**AVAILABLE DATA**.

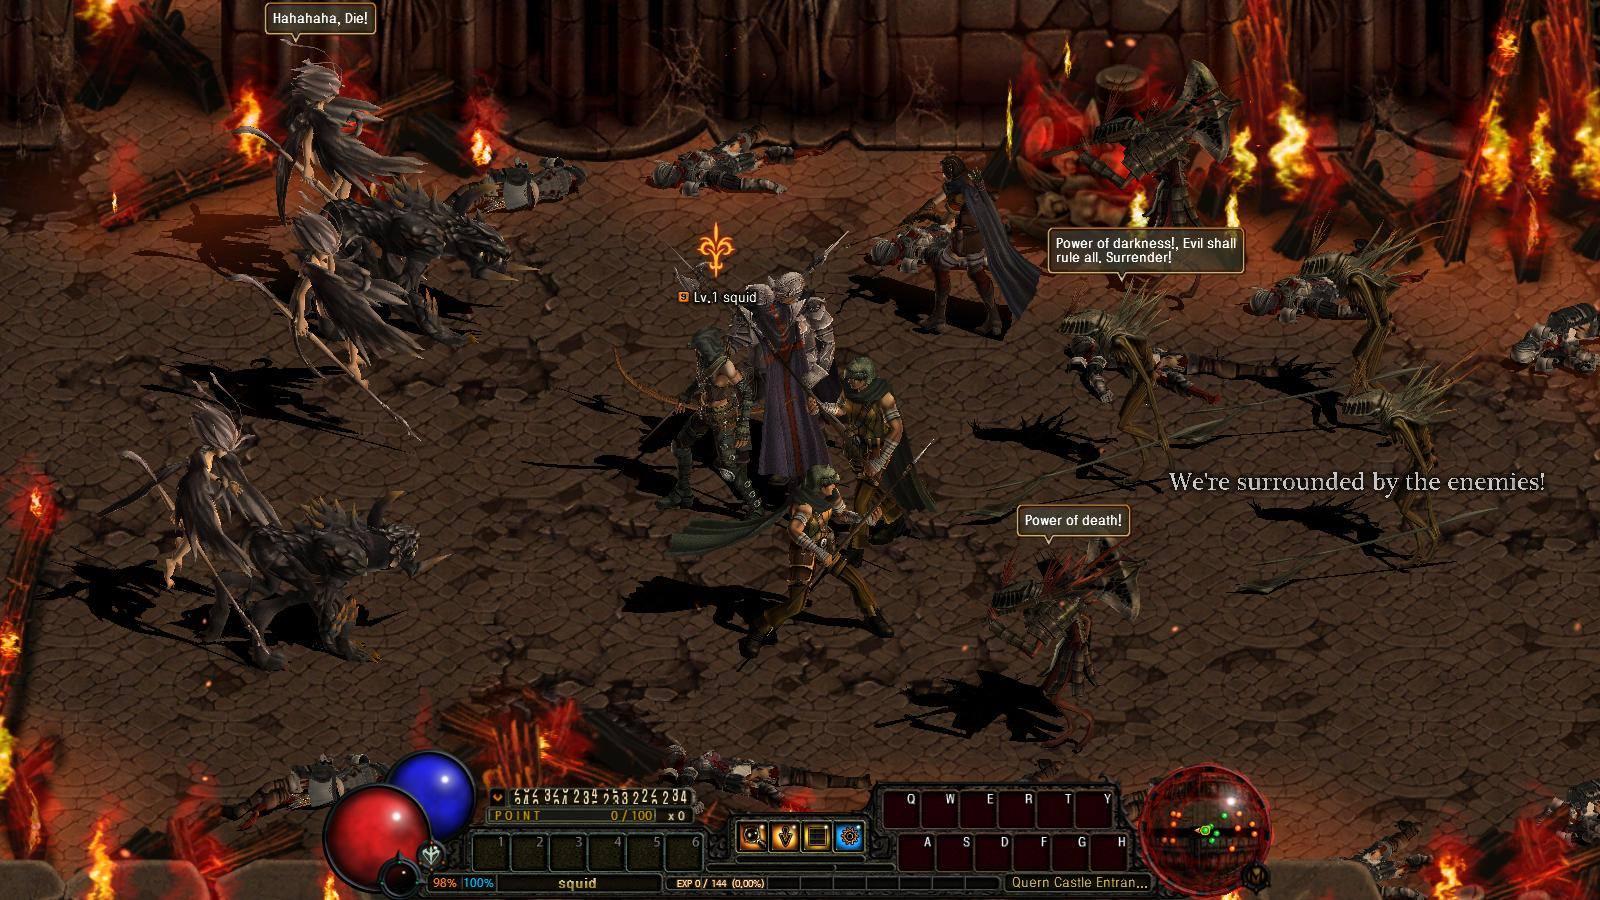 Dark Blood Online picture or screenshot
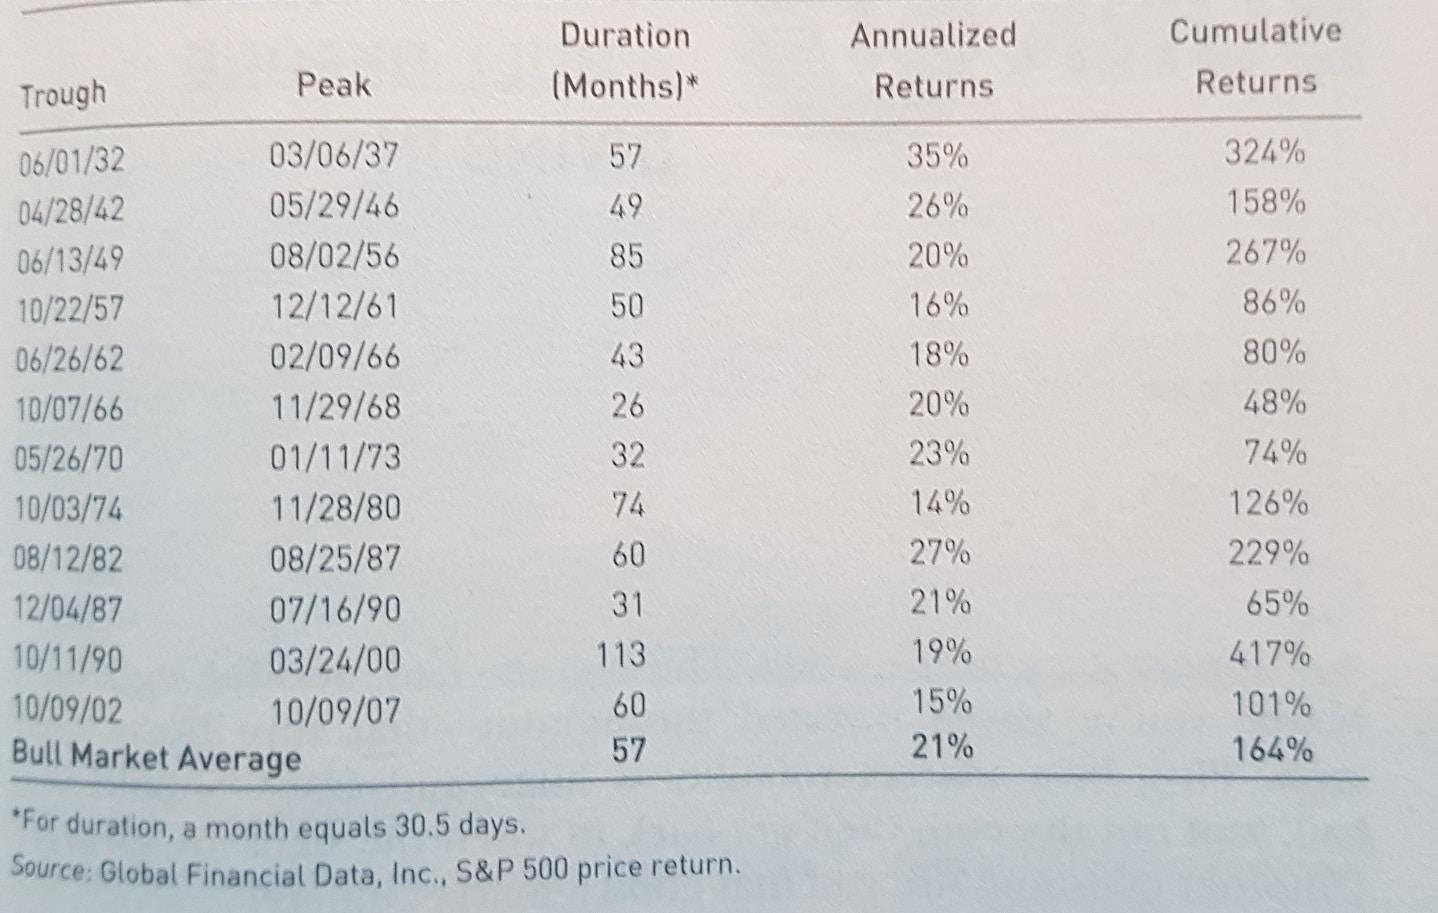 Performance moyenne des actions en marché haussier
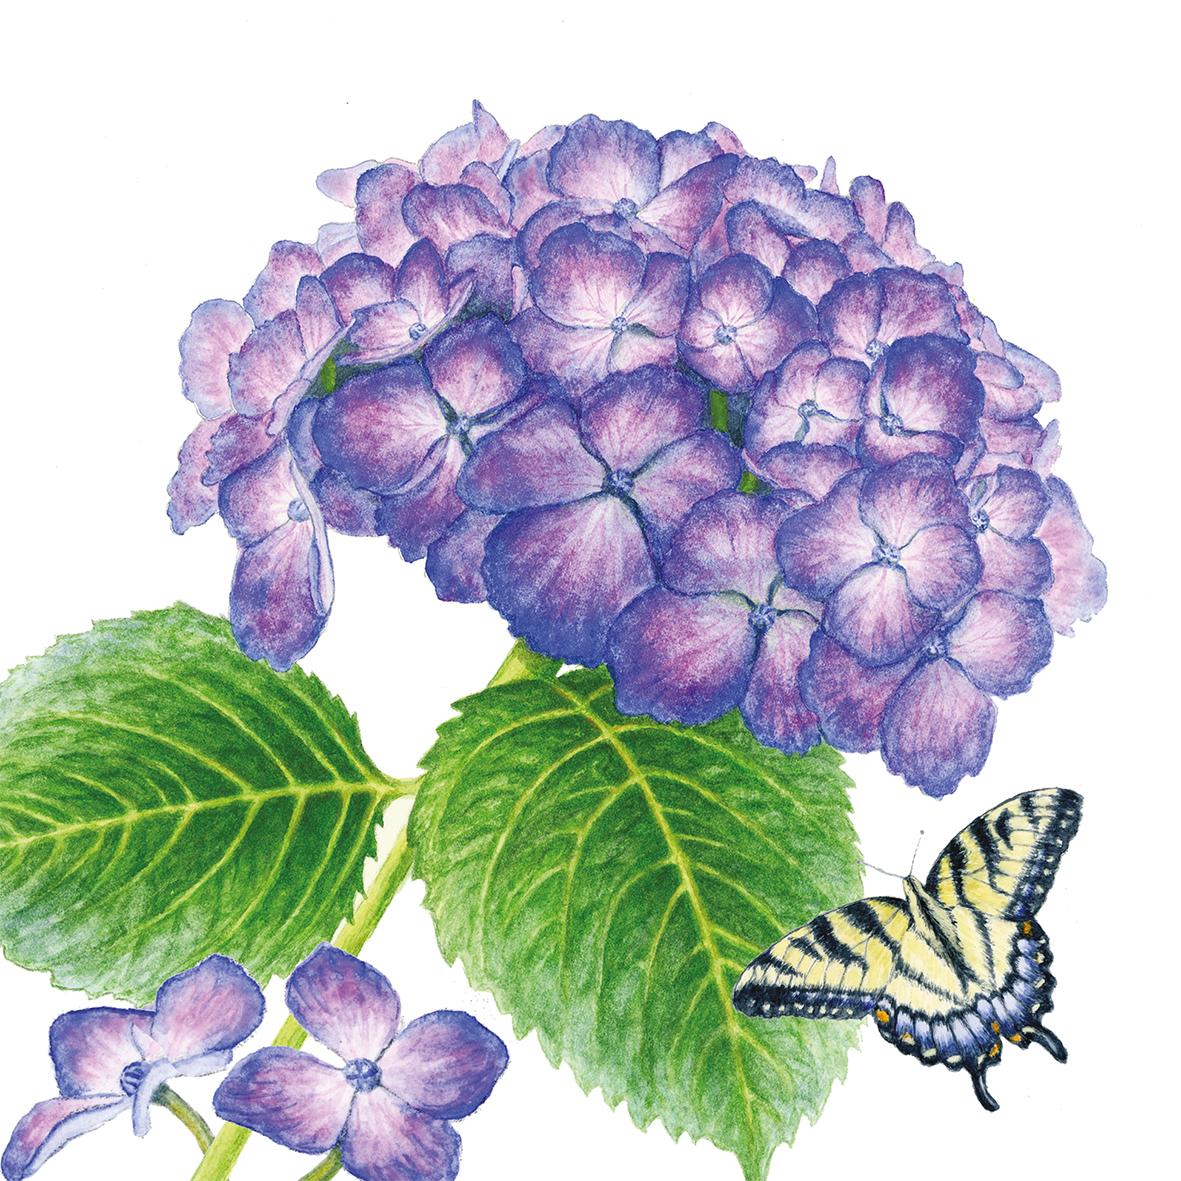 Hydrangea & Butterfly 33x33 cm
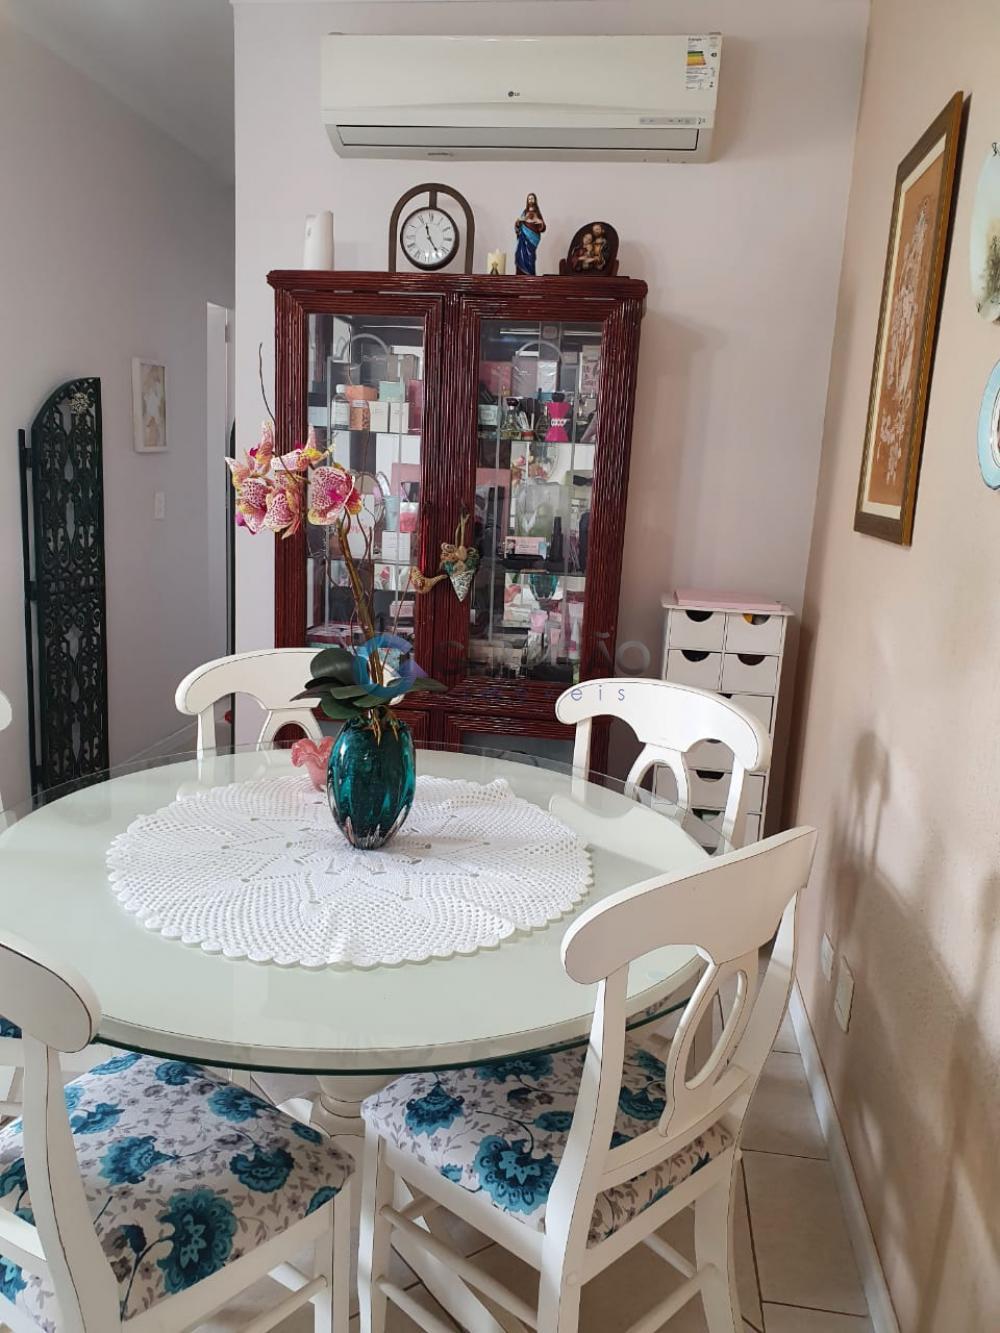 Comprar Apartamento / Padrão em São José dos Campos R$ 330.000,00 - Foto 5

**WHAT TO PRODUCE**.
The answer should contain only the lines from the one with "Performance moyenne des" through the last line of the material, given word for word and without pictures.

**YOUR SOLUTION**.
 Performance moyenne des actions en marché haussier
 Hydrangea & Butterfly 33x33 cm
 Comprar Apartamento / Padrão em São José dos Campos R$ 330.000,00 - Foto 5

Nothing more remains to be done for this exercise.